In some cases, the user actually knows the matrix dimensions (e.g., when
the matrices are synthetically generated, or when some metadata about them
is known). In such cases, the user should be able to specify the dimensions
upon creating the DRM and the caching should be avoided.
--
This message was sent by Atlassian JIRA
(v6.3.4#6332)

Dmitriy Lyubimov (JIRA)

2016-10-03 21:12:20 UTC

Permalink

[ https://issues.apache.org/jira/browse/MAHOUT-1884?page=com.atlassian.jira.plugin.system.issuetabpanels:comment-tabpanel&focusedCommentId=15543437#comment-15543437 ]

Dmitriy Lyubimov commented on MAHOUT-1884:
------------------------------------------

Which api is this about specifically?

wrapping existing RDD (drmWrap() api) supports this.

Also note that for drms off disk, these are one-pass computations that are of cost no more than RDD$count(). Since for any dataset we call dfsRead(), the obvious intent is to use it, loading & caching is not doing any harm as that's what would happen anyway.
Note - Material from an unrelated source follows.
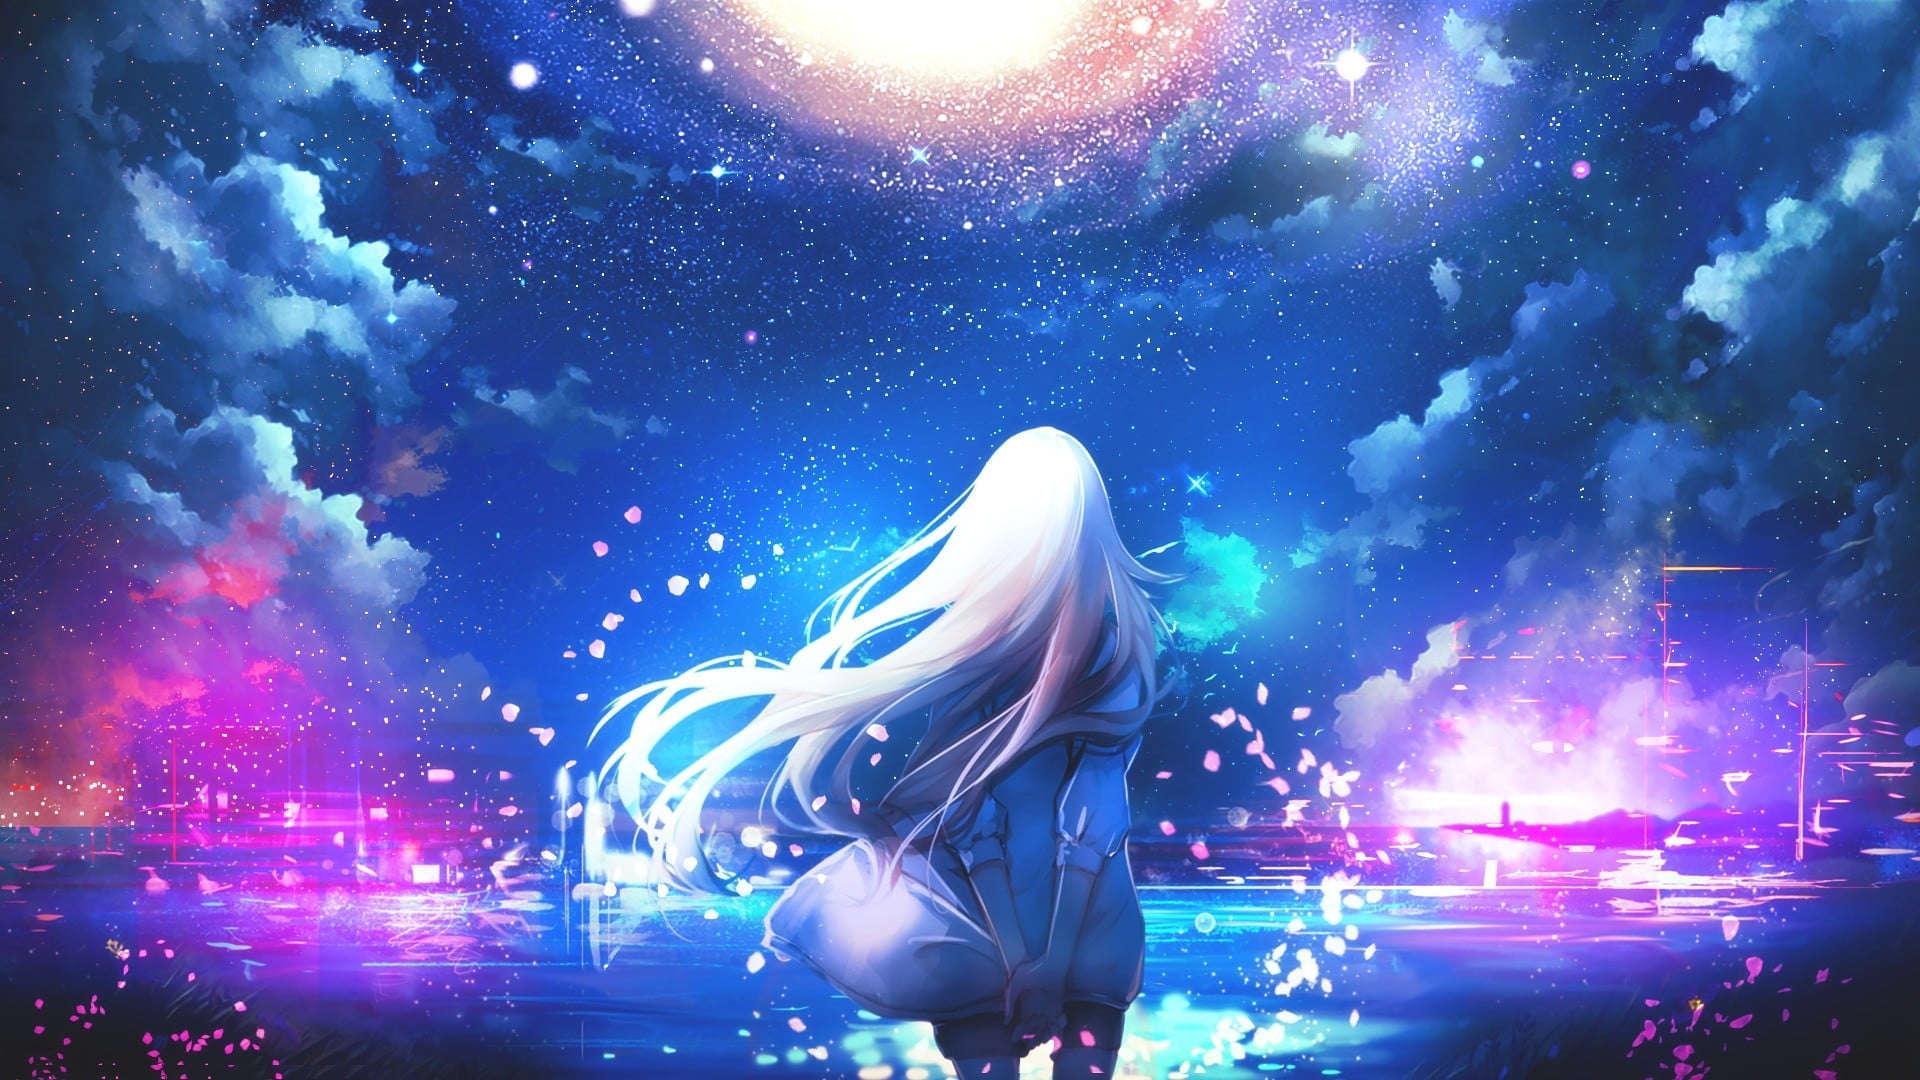 Wallpaper keren pc anime girl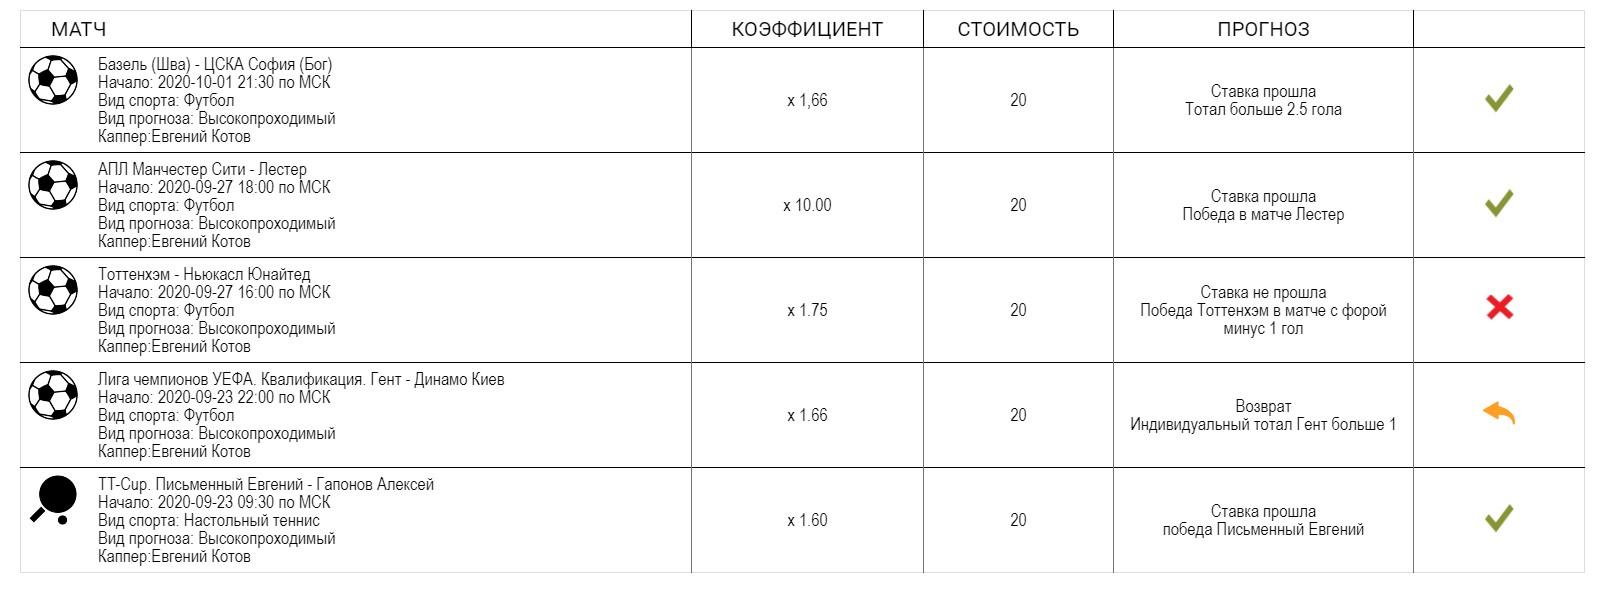 Каппер Евгений Котов статистику ведет только на официальном сайте

also, matrix dimensions are the most obvious ones but not everything that optimizer may need to analyze about the dataset (lazily). There are more heuristics about datasets that drmWrap() accepts (and even more that it doesn't).

if we are talking about cases where drmWrap() cannot be used for some reason, we probably should request metadata equivalent to what drmWrap() does, not just ncol, nrow.

Post by Sebastian Schelter (JIRA)
Allow specification of dimensions of a DRM
------------------------------------------
Key: MAHOUT-1884
URL: https://issues.apache.org/jira/browse/MAHOUT-1884
Project: Mahout
Issue Type: Improvement
Affects Versions: 0.12.2
Reporter: Sebastian Schelter
Assignee: Sebastian Schelter
Priority: Minor
Currently, in many cases, a DRM must be read to compute its dimensions when a user calls nrow or ncol. This also implicitly caches the corresponding DRM.
In some cases, the user actually knows the matrix dimensions (e.g., when the matrices are synthetically generated, or when some metadata about them is known). In such cases, the user should be able to specify the dimensions upon creating the DRM and the caching should be avoided.